Article

When did memory become so critical?

Philip Ling
data flowing out of bottle
Memory bandwidth is increasing but latency is still a challenge as processor cores get faster
KEY TAKEAWAYS:
  • How memory became a technical bottleneck
  • Why low-level optimization is essential
  • What processor architectures and memory controllers can mitigate

Even before AI arrived, memory subsystems in embedded designs had become a primary driver. Memory now dictates cost, performance and, as seen by recent developments, supply chain risk.

OEMs relying on LPDDR5 (Low-Power Double Data Rate 5) may have become so unwittingly, but they are now the casualties of the current constriction on high-performance and high-bandwidth memory. As processors became more capable and more dependent on software over recent years, this mobile-class DRAM (Dynamic Random-Access Memory) technology quietly became a requirement in many embedded systems, particularly systems looking to include edge AI.

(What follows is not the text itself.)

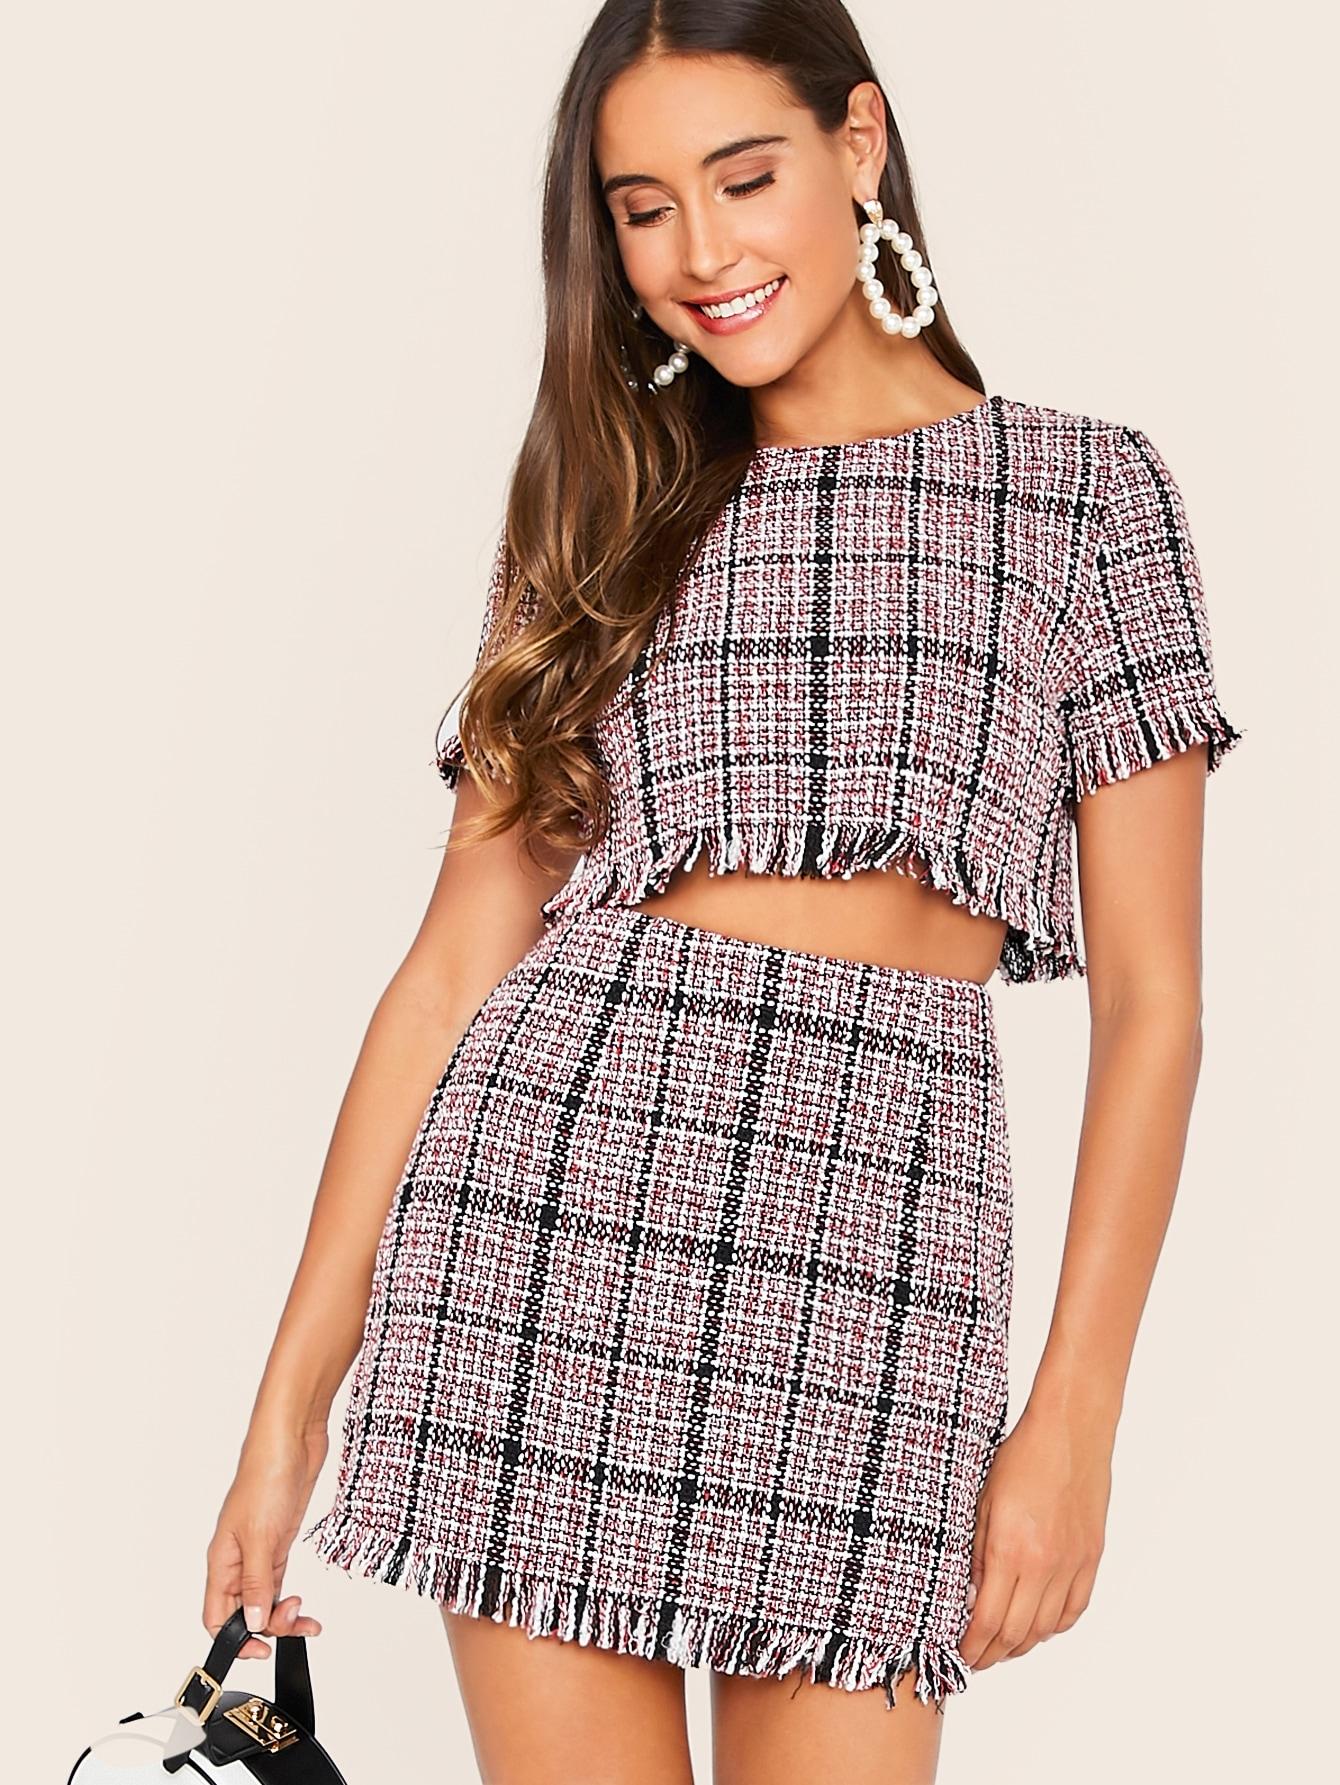 Фото - Топ с застежкой сзади, необработанным низом и юбка от SheIn цвет многоцветный

The road that led us here is more nuanced than measured speed and capacity. Faster processors do need faster memory, but it takes more than larger off-chip DRAM to take embedded systems to the next level. There are many types of memory in play and while DDR (Double Data Rate) fits into the overall architecture, engineers have much more to consider.

What kind of memory hierarchy do modern embedded systems need?

Memory in embedded systems is not a single entity; it is a hierarchy of technologies combined in the most optimal way for the application. This dependency on the application belies the general-purpose nature of processors, and we’re also seeing this at the microcontroller level.

Optimization of this nature relates to speed, density, cost and persistence. It can be differentiated as volatile and non-volatile, but also falls into two broad categories: on-chip and off-chip memory. Looking at on-chip memory first, along with registers and pipelines, a processor will include Level 1 and Level 2 (possibly more) caches built using static random-access memory (SRAM), sitting between the processor’s core(s) and external memory. Cache holds most often/recently used instructions and data, reducing the latency associated with reading/writing to/from other types of memory.

Along with the cache, a processor may feature tightly coupled memory (TCM) and scratchpads, represented by smaller blocks of SRAM, mapped directly into the CPU’s address space. This memory provides deterministic access and is typically used for hard real-time routines.

The capacity of this type of on-chip memory is small, in the kilobyte or low-megabyte range. However, it is the only memory in the architecture that has any chance of keeping up with the speed of the core(s), operating in a small number of clock cycles.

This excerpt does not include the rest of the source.